Large scale applications achieving high-throughput while storing a ton of randomly accessed data comes naturally to NoSQL databases such as Aerospike and DynamoDB because these databases are designed from the ground up to deliver just that.
In this post, I have outlined a very effective and simple technique of accomplishing high-throughput for applications that have specific access patterns — ones which could lead to “hot” keys situation. For example, where there are only a handful of keys being accessed at a very high rate. Consider the following:
Scenario: Voting application where there are two candidates — Candidate 1 and Candidate 2. For each candidate there needs to be a running total of number of votes being cast by 1000s of voters.
Problem: All voting requests coming in through the application access the same keys and therefore hit the same data partition in order to increment their respective vote count. In other words, for each candidate if you use a single record with a running total that gets updated with every vote, it will be a “hot” key. Therefore, affecting throughput of the application wherein after a certain point, the request queue builds up to an extent where it has direct impact on the vote count being reflected in real-time.
- Create multiple keys for each candidate. For instance, if you want to dilute the number of writes by a factor of 10, then there should be 10 keys for each candidate in a format similar to candidate_1_1, candidate_1_2, … candidate_1_10 and candidate_2_1, candidate_2_2… candidate_2_10. Each of these keys should have a vote count value associated with them.
- Create two additional keys candidate_1 and candidate_2 – these keys should also have a vote count value associated with them as well as timestamp. NOTE: These are the two values you’d report on and display on a dashboard, for instance.
- In your application logic that handles requests to cast a vote, for every request, pick a random number between 1 and 10 and send update vote count database call for key candidate_X_# — Where:** X is the candidate receiving the vote (in this case either 1 or 2) and # is the random number generated between 1 and 10.

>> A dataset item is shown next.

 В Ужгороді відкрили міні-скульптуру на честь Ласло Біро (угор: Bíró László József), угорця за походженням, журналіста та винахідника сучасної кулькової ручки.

- Have a background process running at regular interval that sums vote count values for keys candidate_1_1 thru candidate_1_10 and updates vote count value for key candidate_1 and similarly sums vote count values for keys candidate_2_1 thru candidate_2_10 and updates vote count value for key candidate_2. This process also updates the respective timestamp columns to indicate how “up-to-date” the vote counts are.
Given the above, here’s what the tables/sets might look like:
Splitting keys in this manner not only helps mitigate “hot” keys situation but also enables distribution of the load across nodes in a cluster.